The San Francisco marchers included a contingent 
from the Progressive Workers Alliance, a group of 
organizing projects among low wage workers.

        "Farm workers deserve an opportunity to 
begin building healthy sustainable careers in the 
food system," she explained.  "As long as 
corporate agriculture is allowed to legally bring 
in an exploitable workforce our food system will 
continue to decline and farm worker families will 
continue to be the lowest paid workers in the 
country, working one of the most dangerous jobs, 
so consumers can eat cheap food and corporations 
can continue to get richer!"
        Many of the April 10 rallies highlighted 
other problems with U.S. immigration law.  In 
Berkeley, California, a group organized by 
teachers and the Alameda Central Labor Council 
lined a pedestrian bridge across the freeway. 
They were led by children from Jefferson 
Elementary School, who spoke to the crowd.  One, 
Kyle Kuwahara, read a letter he'd written to 
President Barack Obama, protesting the decision 
by U.S. immigration authorities to refuse to 
allow fourth-grade student Rodrigo Mendoza, along 
with his family, to return home to Berkeley after 
a vacation in Mexico. 
        "He has been in our school for five years 
and he is a friend of mine," Kuwahara wrote. 
"Rodrigo is not free to come back.  In school we 
are learning about all these important people 
like Martin Luther King and Rosa Parks who fought 
for people's civil rights and freedom.

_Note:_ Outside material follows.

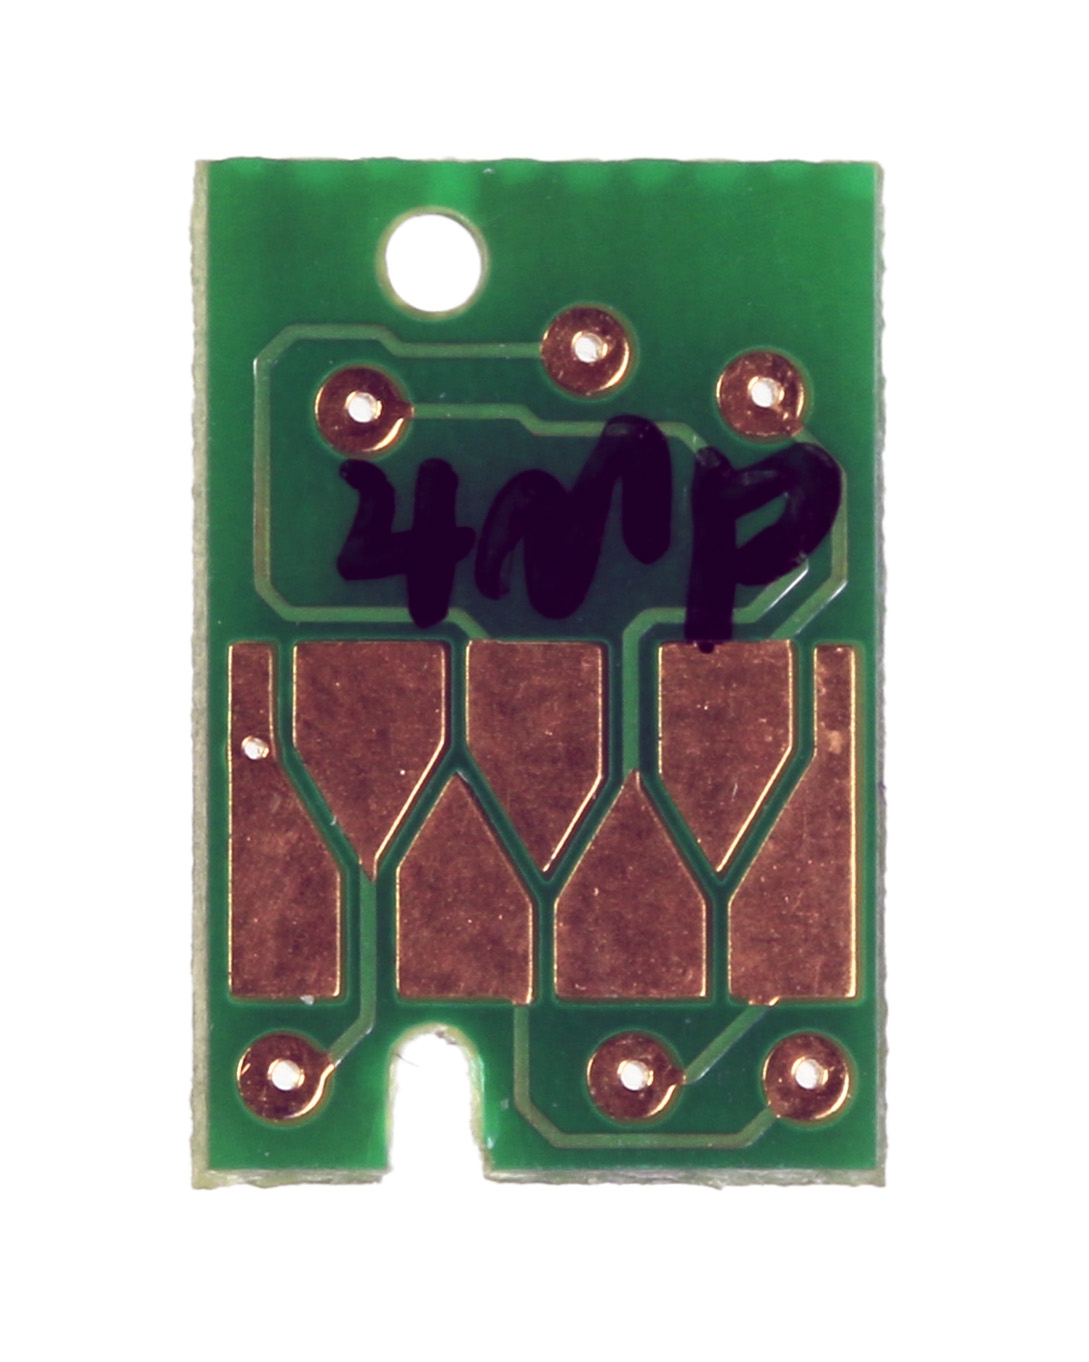 Chip für Wartungstank Epson Stylus Pro 40, 44, 48, 74, 76, 78, 94, 96, 98 Serie
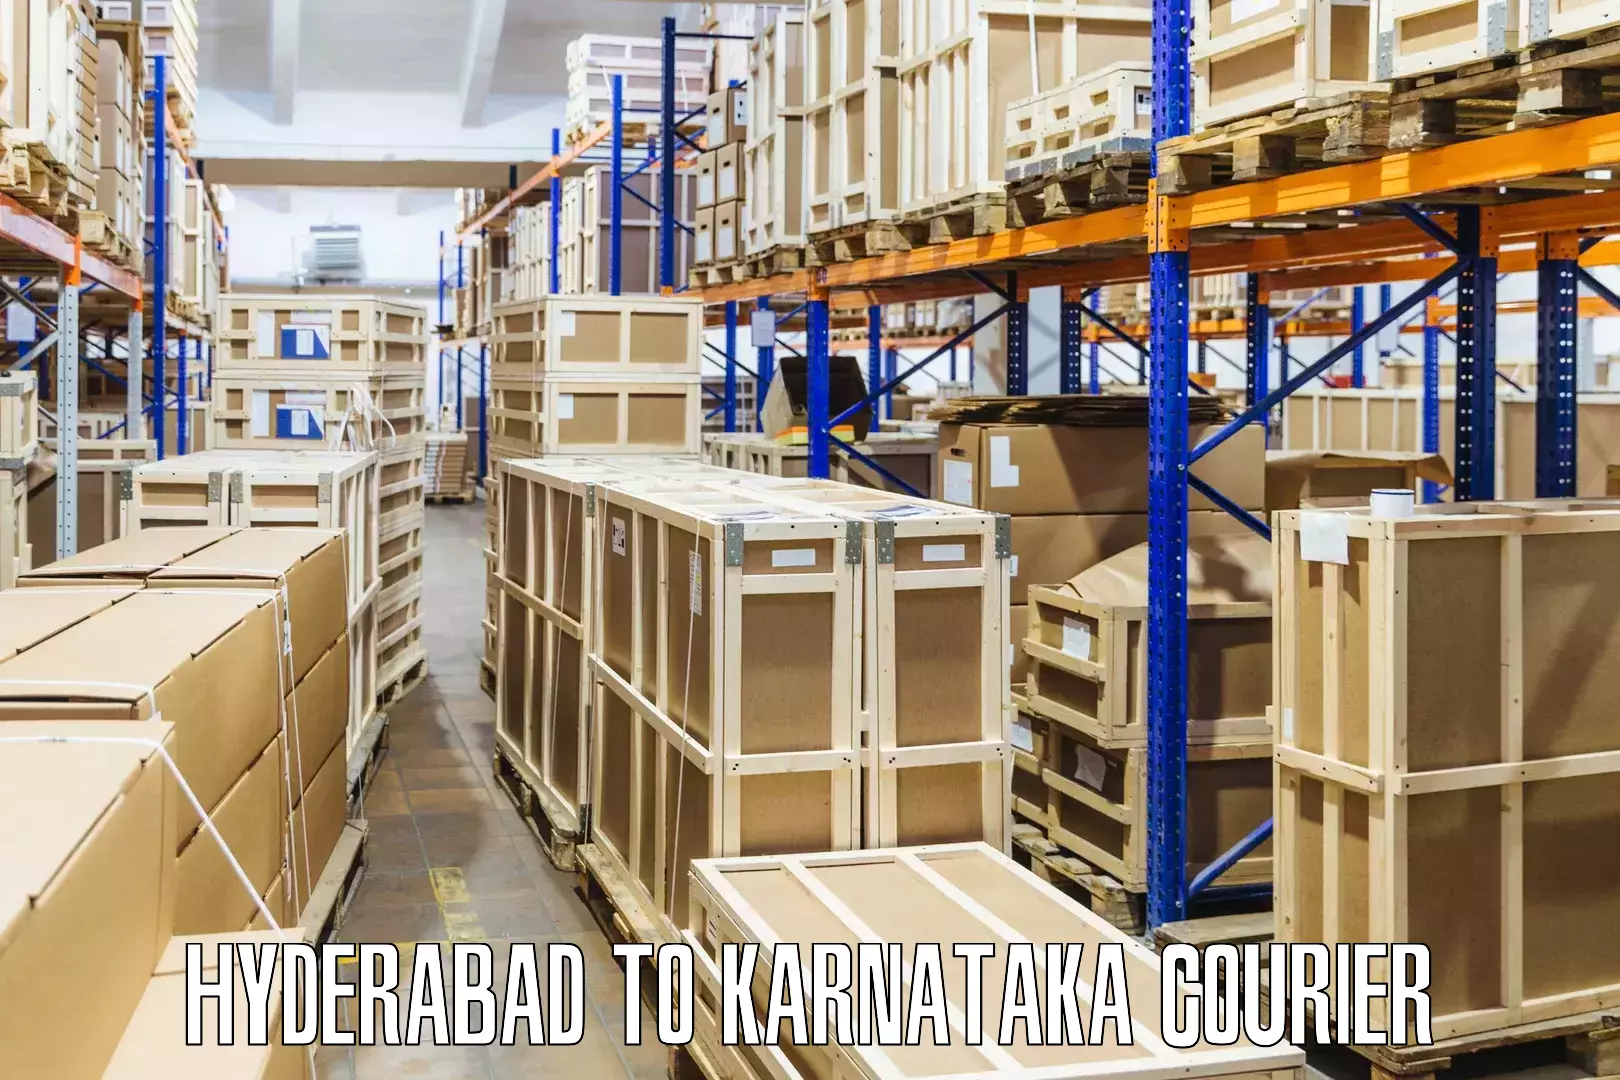 Shipping and handling Hyderabad to Karnataka

So what 
about Rodrigo's freedom? Who is fighting for his 
freedom?"
        The Mendoza family's crisis higlighted 
the massive enforcement wave of the last four 
years, in which over 2 million people have been 
detained and deported.  Almost all the April 10 
rallies demanded a moratorium on mass 
deportations while Congress debates reform 
proposals.  Some even demanded that the huge 
system of privately run immigrant detention 
centers be dismantled.



Jefferson Elementary School students called on 
President Obama to allow the Mendoza family to 
come back to Berkeley.

        Many in the Berkeley crowd had also 
engaged in a long fight to save the jobs workers 
at a local foundry, Pacific Steel Castings.  In 
December and January a year ago, 214 undocumented 
workers were fired after the Immigration and 
Customs Enforcement (ICE) agency examined company 
records in a process called an I-9 audit.  After 
identifying workers who had no legal immigration 
status, or "work authorization," ICE then sent 
the company a letter demanding it fire them.  The 
same process has led to the firing of hundreds of 
thousand of workers across the country during the 
Obama administration.
        City councils throughout the East Bay 
sent letters to DHS Secretary Janet Napolitano 
pointing out that the firings would not only be a 
disaster for the families involved, but would 
damage local communities.  Political pressure 
succeeded in delaying the firings, but couldn't 
stop them.  Richmond Mayor Gayle McLaughlin 
accused ICE of undermining her city's 
already-devastated economy in the middle of a 
recession.  "Their firing is a violation of their 
human rights," she said at the time. "When they 
say that [immigration] raids are targeting 
criminals, it's not true. People who are just 
trying to make a living are being targeted big 
time."
        The company and the workers' union, 
Molders Union Local 164, released a joint 
statement, in which Pacific Steel declared, 
"These terminations were not only devastating to 
the workers and their families, but also to the 
workforce at PSC ... [We] implore the protestors 
to direct their attention to the Department of 
Homeland Security and federal policy makers." 
The union also criticized "the broken and unfair 
laws used by the government to disrupt and 
destroy the lives of many of our friends and 
colleagues."
        A month before the April 10 
demonstrations, one union even went on strike 
against the firing of three workers in an 
E-Verify check.  The workers lost their jobs when 
Waste Management, Inc., fired them for lacking 
"work authorization."  The company sent them the 
notice in the middle of a bitter conflict over 
the union contract with Local 6 of the 
International Longshore and Warehouse Union.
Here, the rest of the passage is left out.